# PapaMobil



## Heiko (30 April 2005)

http://cgi.ebay.de/ws/eBayISAPI.dll...item=4545301886&rd=1&ssPageName=WDVW&tc=photo

*Ohne Worte*


----------



## MichiP (30 April 2005)

*Und wenn das Geld dafür nicht ausreicht*

kann man ja immer noch hier zuschlagen :

http://cgi.ebay.de/ws/eBayISAPI.dll?ViewItem&category=81731&item=4722536854&rd=1

Michi


----------



## sascha (30 April 2005)

Da können sich unsere Profi-SEOs ein Scheibchen abschneiden...

http://search.ebay.de/golf-ratzinger_W0QQfkrZ1QQfromZR8


----------



## KatzenHai (30 April 2005)

Alle total balla-balla


----------



## stieglitz (2 Mai 2005)

KatzenHai schrieb:
			
		

> Alle total balla-balla


Der Spiegel nimmt das jetz auch schön auf die Schippe:
http://www.spiegel.de/netzwelt/netzkultur/0,1518,354343,00.html



			
				SpOn schrieb:
			
		

> Einer bietet ein Modellauto an, das angeblich zum Zeitpunkt der Papstwahl nach Rom zeigend aus dem Regal fiel.



Das muss ich haben!


----------



## KatzenHai (2 Mai 2005)

Wer fuhr bloß?

http://futurezone.orf.at/futurezone.orf?read=detail&id=265276

"Wer wirklich hinter dem Steuer des im März 1999 auf Ratzinger zugelassenen Golf saß, ist nicht bekannt. Der Papst selbst hat keinen Führerschein.

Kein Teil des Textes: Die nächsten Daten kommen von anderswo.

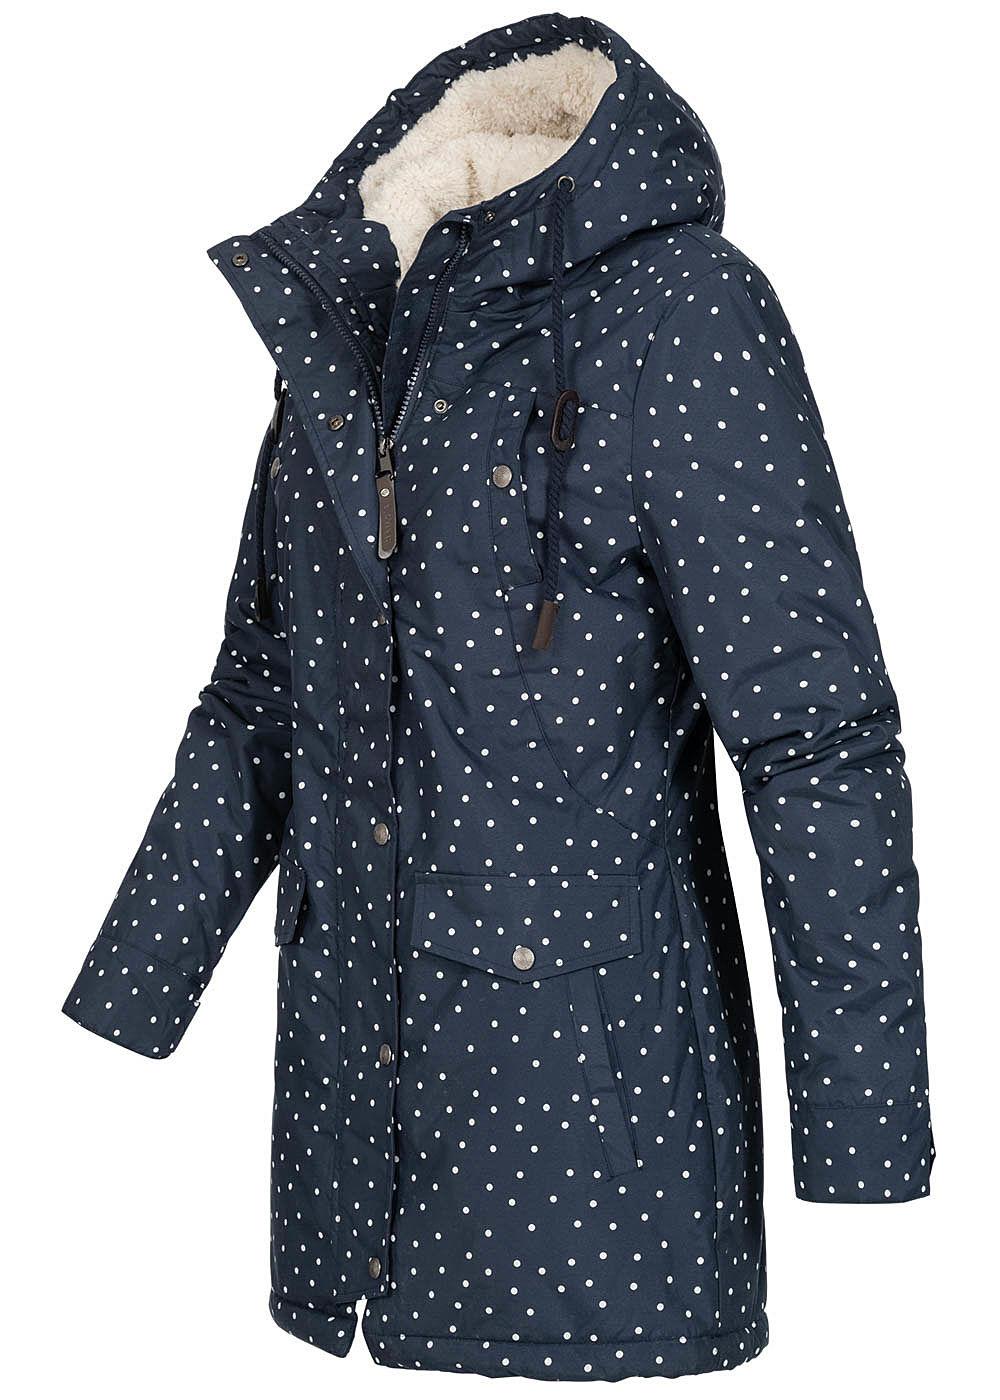 Damen Jacke Winter Blau Punkte 4 Hailys Navy Kapuze Muster Pockets Weiss Parka PuXTZOki

Auch darüber, ob wohl schwarzer oder weißer Rauch aus dem Auspuff strömt, darf gerätselt werden."

:gruebel:


----------



## Anonymous (3 Mai 2005)

sascha schrieb:
			
		

> Da können sich unsere Profi-SEOs ein Scheibchen abschneiden...

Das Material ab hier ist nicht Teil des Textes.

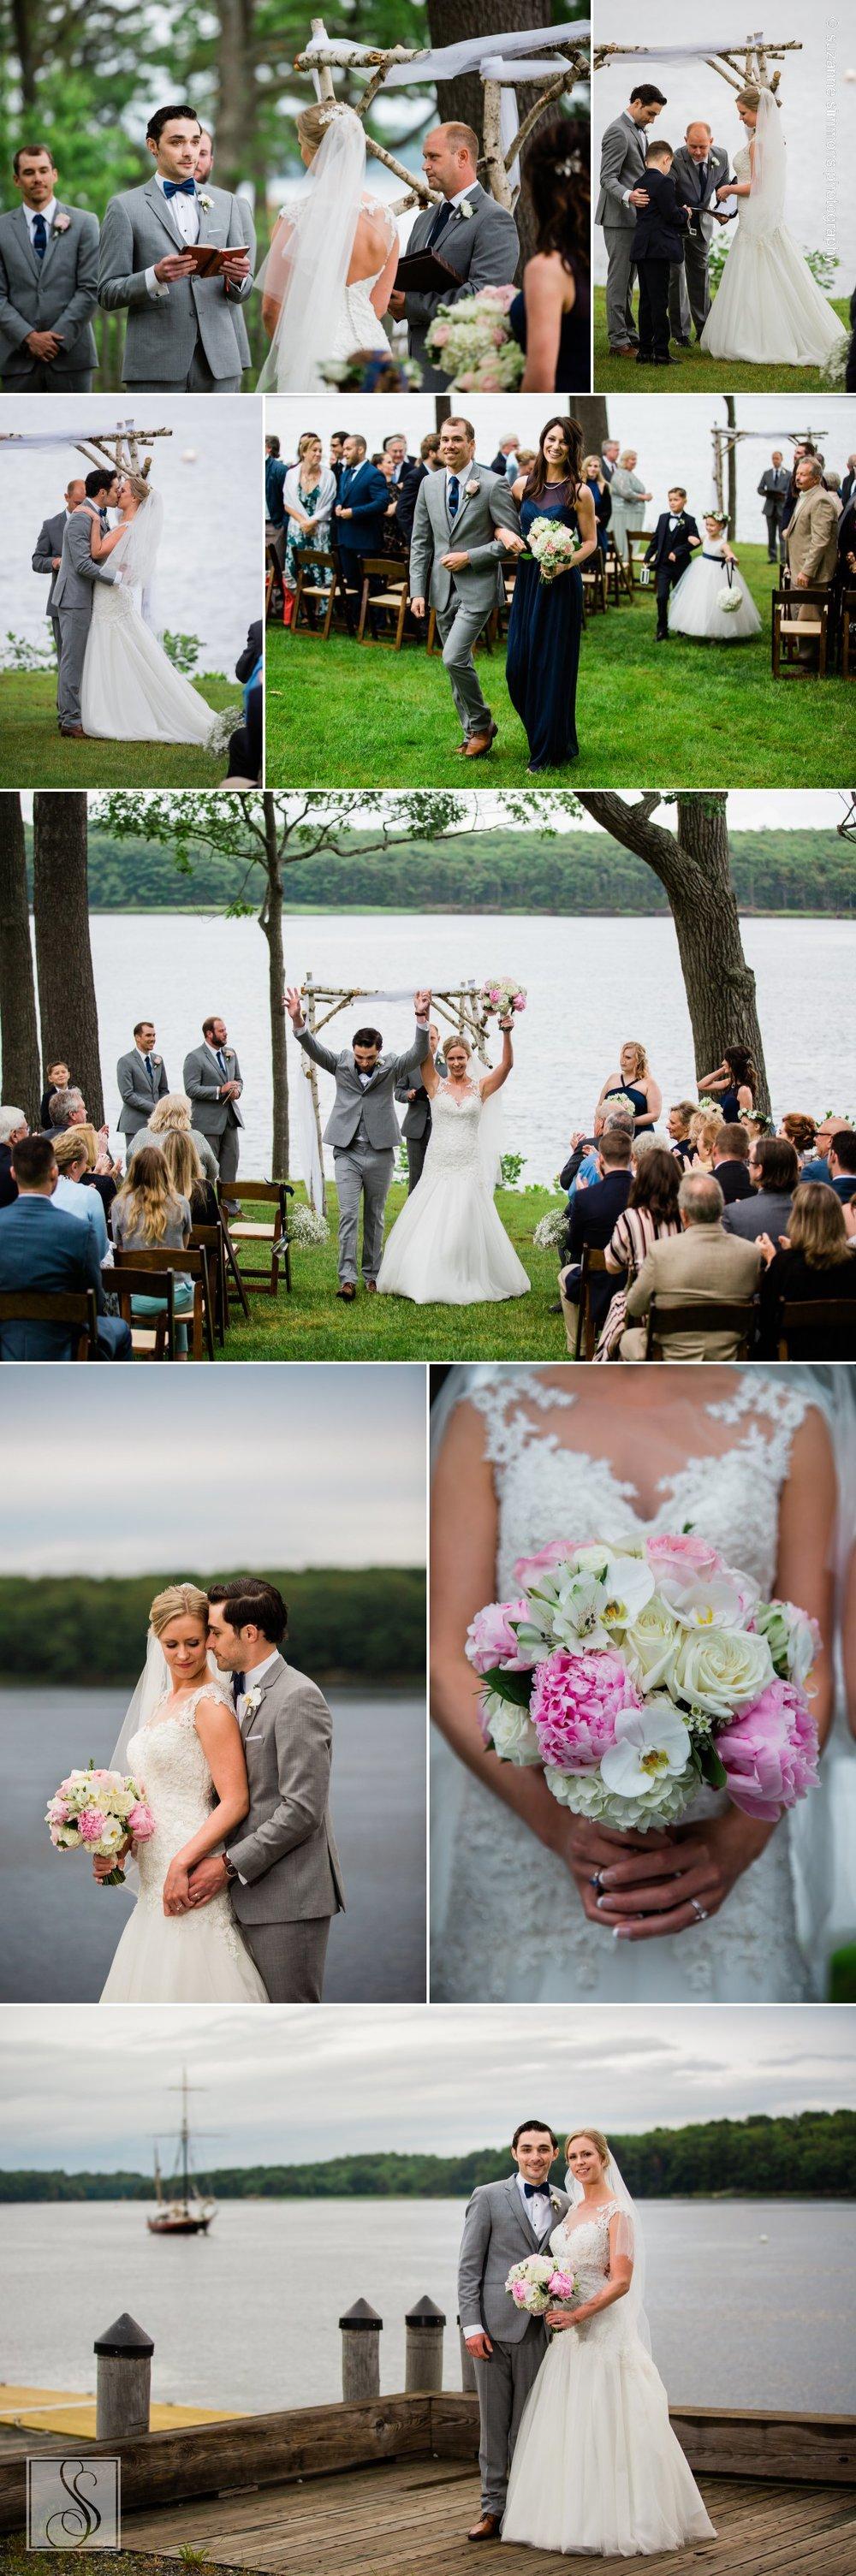 Wedding ceremony at Maine Maritime Museum in Bath, Maine

Was sind denn Profi-SEOs?   

Gruß D.Opfer 
_________________ 
Geld kann man ergaunern, Achtung muss man sich erarbeiten. 

„Die Zeit der Dialer-Abzocke geht zu Ende...."


----------



## jupp11 (3 Mai 2005)

Profi-SEO = Suchmaschinen"optimierer" = professioneller Suchmaschinenvermüller 
(einfach mal mit "Profi-SEO" googeln...) 

j.


----------



## stieglitz (3 Mai 2005)

Schau mal hier:
h**p://www.suchmaschinen-optimierung-seo.info/

oder einfach mal googln.


----------



## Captain Picard (5 Mai 2005)

augenblicklicher Stand  EUR 162.161,11  

Aktionschluß ca 19:30


----------



## Bremsklotz (5 Mai 2005)

€ 170.049,00.
Ich bin gespannt, ob die 200.000,00 erreicht werden.
Schon irre, das Ganze. Kopfschüttel


----------



## Captain Picard (5 Mai 2005)

http://www.spiegel.de/netzwelt/netzkultur/0,1518,354745,00.html


> Es ist noch nicht einmal bekannt, ob Joseph Kardinal Ratzinger je in diesem Auto gesessen hat. Dennoch ist das Interesse an dem bei eBay feilgebotenen Golf, der einmal auf Ratzinger zugelassen war, ungebrochen. Gut vier Stunden vor Ende der Auktion wurden bereits über 170.000 Euro für den Kleinwagen geboten.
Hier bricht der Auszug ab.